For training programmes to be successful, they need to be engaging and leverage phishing simulations and other web-based communication and reinforcement tools to help employees prepare for real-world security scenarios. This, in turn, will enable organisations to mitigate the risk of employees mistakenly disclosing sensitive information and reduce the costs associated with potential data breaches.  

We recommend that businesses follow four key pillars to deliver engaging and insightful training that will successfully change how their employees approach cybersecurity. 

1. Create high-quality content 

Security awareness training programmes need to deliver high-quality and relevant content in order to attract employees to participate. This means they should include task-oriented instruction and content tailored to specific job roles. For example, the risk of cyberattack is highest for individuals who work in leadership roles and manage money and people. We recommend these managers go through a few phishing simulations to learn how to detect fake invoices so that they don’t share credentials unwillingly.  

Content should be created by a team of domain experts that understand adult learning and the current cybersecurity trendsand compliance requirements. Task-oriented instructions, customisable courses and microlearning modules will all engage participants in the learning process.  

2. Choose whether to deploy personalised or pre-built training platforms  

Both pre-built and personalised security programmes deliver effective cybersecurity awareness training but it’s the level of efficiency that separates the two. Pre-built training schedules allow businesses to deploy training quickly by addressing common cybersecurity challenges that are experienced by all organisations whereas personalised campaigns consider the various security requirements and regulations in the different countries the company operates in. Larger businesses with time to plan their security campaign rollout may choose the personalised route, for example, to create content in different languages or ensure it covers security threats specific to all its departments and offices.  

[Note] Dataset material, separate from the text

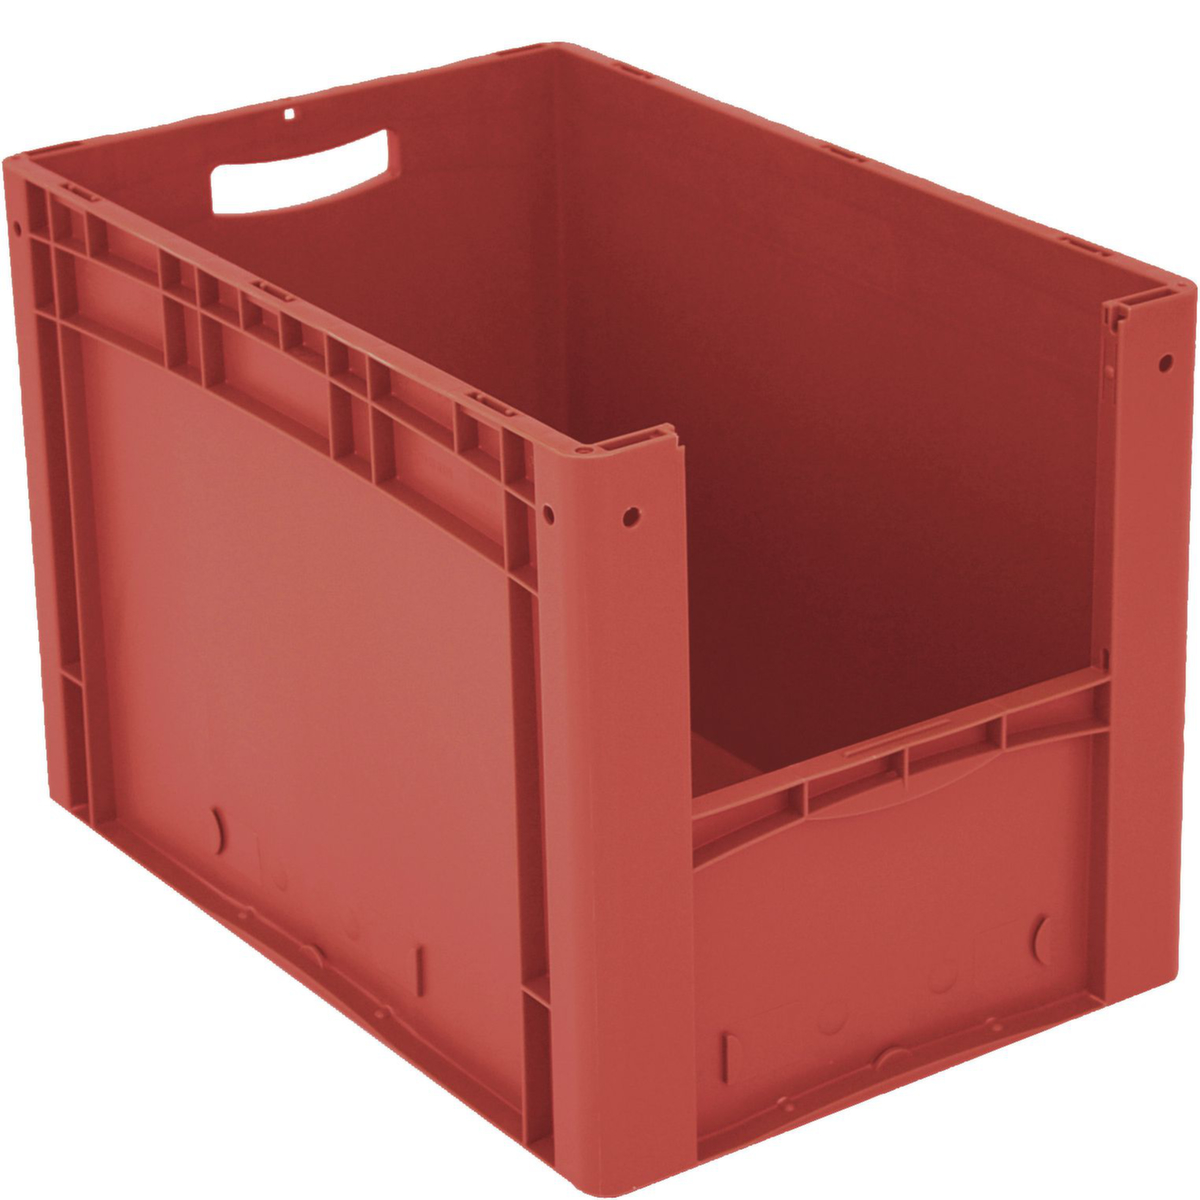 Euronorm zichtbare opslagcontainer met toegangsopening, rood, HxLxB 420x600x400 mm  ZOOM

3. Decide whether training content should be risk- or role-based  

IT and security teams looking to plan a cybersecurity awareness campaign will need to decide whether to target training content via risk type or employees’ roles. The first option aims to tackle specific issues an organisation faces like phishing or repeated passwords, while the second focuses on the problems particular to a department such as fake invoices going to accounting teams or social engineering for those in management.  

4. Invest in real-world phishing simulations 

Users need to be trained to detect phishing emails to prevent data breaches causing systems to go out of service. Phishing simulations are an essential aspect of any cybersecurity awareness training campaign. For example, IBM’s Cost of a Data Breach Report 2022 found that phishing was the second most common cause of a data breach at 16 per cent, and also the costliest, averaging $4.91 million in breach costs. Received in an alarming number of variants, users need to be prepared to counter phishing attempts from everything from social engineering to full-blown fake websites. 

Once a simulation platform has been chosen and deployed, IT and security teams can use the built-in analytics to determine if any further training is needed. For instances, businesses might then decide to create newsletters with links to video-based training. 

For many businesses, the prospect of developing cybersecurity awareness training can seem daunting, but consulting a visionary partner like Fortra’s Terranova Security can make it easy to establish strong security awareness goals, build training courses, implement automated results-based learning tools and decide how best to launch a campaign. We can deliver the subject matter expertise and support they need to plan and execute a successful cybersecurity programme that is specifically designed o meet the individual needs of their organisation.  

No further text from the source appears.